Париж, 3 апреля 1944 года


– Опять ты опаздываешь.

Мама сунула мне кусок черствого хлеба, когда я выбегала из дома.

– Ты должна раньше вставать.

Она говорила одно и то же каждое утро, но, честно говоря, я считала, что подъем в 6:30 это достаточно рано. Дорога до госпиталя Божон в Клиши от нашего дома на улице Монторгейль неблизкая, но я не возражала – такой длинный путь заставлял меня почувствовать себя совсем взрослой в мои восемнадцать лет.

Это мама нашла мне работу. Она хотела, чтобы я не сидела дома и не «тратила свою жизнь на чтение», как она говорила. Еще она хотела получать дополнительные пайки. Папа сначала был против, чтобы я там работала – все-таки это немецкий госпиталь, но мама его уговорила. Она сказала, что я ведь не собираюсь раскрывать государственную тайну или сдавать соседей. Она добавила еще что-то о «спасении раненых» – это хорошее занятие для молодой женщины во время войны. Втайне я думала, что это работа больше подошла бы молодым мужчинам. Она бы заставила их подумать, прежде чем начинать войну. Как бы то ни было, не все пациенты в госпитале были немцами; там были и французские солдаты, видимо, те, что присоединились к немцам. В Париже было полно вербовочных пунктов.

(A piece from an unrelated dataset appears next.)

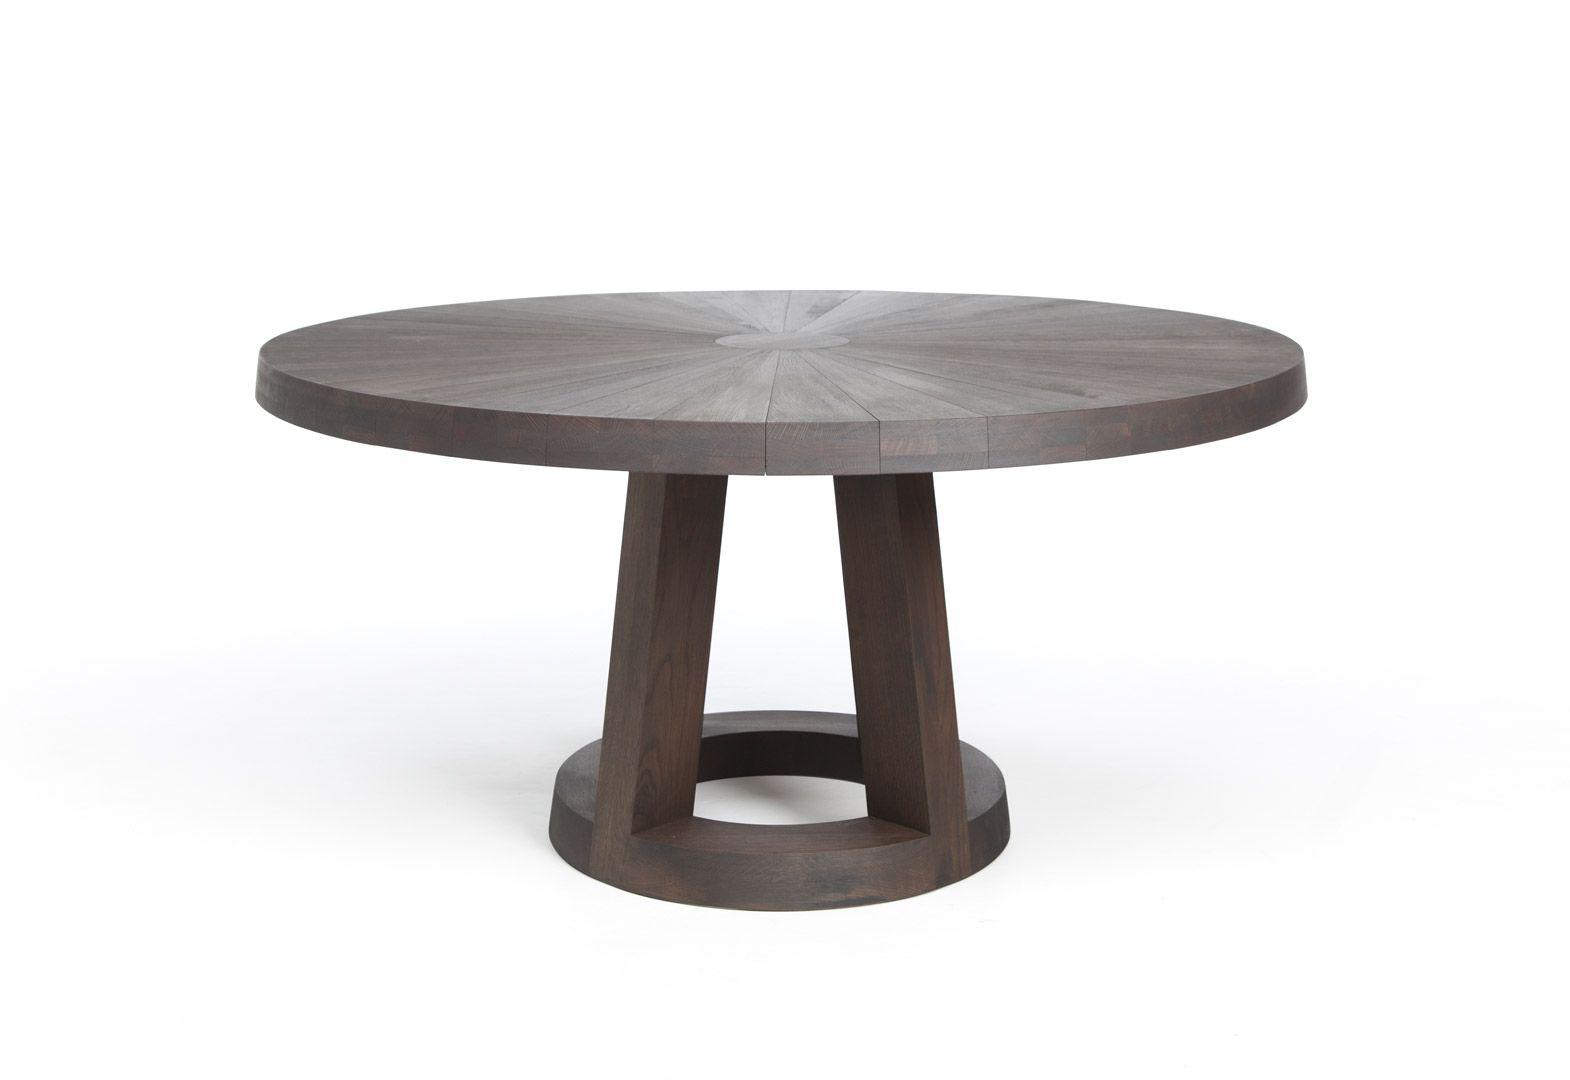 Tafel Remy Meijers : Ronde eettafel hout solid van ontwerper remy meijers

Целыми днями я мыла полы, кормила с ложки раненых, которые ослепли или потеряли конечности, или просто сидела и слушала французских пациентов. Тяжелее всего было тем, кто потерял конечность, но все еще чувствовал ее и ту невыносимую боль, которую она причиняла. Один из докторов объяснил мне, что это называется «фантомно-болевой синдром». Ничто не могло облегчить их участь.

Меня потрясло, что все мужчины выглядят одинаково на больничной койке. Уязвимыми. Безобидными. Язык, на котором они говорили, был единственной возможностью понять, откуда они родом. Госпиталь работал по строгому распорядку, но попытки утешить пациентов поощрялись, и мне это нравилось, хоть я и хотела бы, чтобы это был не немецкий госпиталь. Вся ироничность моего положения была в том, что я помогала окрепнуть врагам, в то время как другие, более патриотичные французы, рисковали жизнью, чтобы добиться обратного.

Когда я наконец добралась до госпиталя в то утро, я подошла к шкафчику, достала свою форму, надела ее и посмотрелась в зеркало в полный рост, чтобы убедиться, что форма чистая и выглаженная. Я опаздывала, но не слишком, и я задержалась на минуту, разглядывая себя в зеркале. Лучше всего здесь подошло бы слово «плоская». Никаких выпуклостей или изгибов, которые могли бы указать на то, что я становлюсь женщиной. Четыре года оккупации оставили меня с глубоким чувством внутренней пустоты. Дело было не только в постоянном физическом голоде, но и в эмоциональном истощении. Я до смерти хотела жить полной жизнью. Я знала, что где-то там есть целый мир, где люди смеются, танцуют, выпивают, целуются, занимаются любовью, а я здесь все это пропускаю.

Я провела руками по груди, и в голове прозвучали мамины слова:

«Незачем тебе покупать лифчик».

Помню, как обрадовалась, когда у меня впервые началась менструация, и какое разочарование испытала, когда она прекратилась всего через три месяца, будто не понимая, зачем она вообще когда-то началась.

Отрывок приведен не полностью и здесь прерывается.